Gold profile updates are included only for csli, mrs, hike, cb, and jh1
------------------------------------------------------------------------------
Release notes for version "ERG (1010)"
Stable tagged release with full (manual) updates of all gold profiles
including LOGON, WeScience, and (after a long hiatus) the Verbmobil and
ecommerce treebanks, along with the newly added SemCor (semantically
tagged portion of the Brown corpus - the first 3100 items so far). Details
on current ERG coverage of these profiles can be found on the Redwoods
web page: http://www.delph-in.net/redwoods.
------------------------------------------------------------------------------
Release notes for version "ERG (1007)"
Minor improvements for better coverage of WSJ corpus and of the education and
speech application corpora.
------------------------------------------------------------------------------
Release notes for version "ERG (1004)"
This is intended as a `stable' release, accompanied by a full manual update
of the `gold' treebanked profiles, and parse-ranking models trained on them.

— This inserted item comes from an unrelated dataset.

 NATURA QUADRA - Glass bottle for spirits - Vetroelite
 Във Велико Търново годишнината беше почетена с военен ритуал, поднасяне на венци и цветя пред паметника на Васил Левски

------------------------------------------------------------------------------
Release notes for version "ERG (1003)"
- This release is essentially a pre-release of a proposed stable release
next month ("ERG (1004)"), and will serve as the basis for final tuning,
debugging, and updating of the various treebanks.
- At long last, the rule names have all been converted to conform to the
naming scheme proposed in 2008, and described at
http://wiki.delph-in.net/moin/ErgTop
PLEASE NOTE that all pre-existing treebanks constructed using the ERG
will have to be converted before they can be used for treebank updates
with this new grammar version. See
http://wiki.delph-in.net/moin/ErgRules
for instructions to effect this conversion automatically.
- This release also includes adaptation of the arboretum files for current
use in the EPGY grammar-checking application.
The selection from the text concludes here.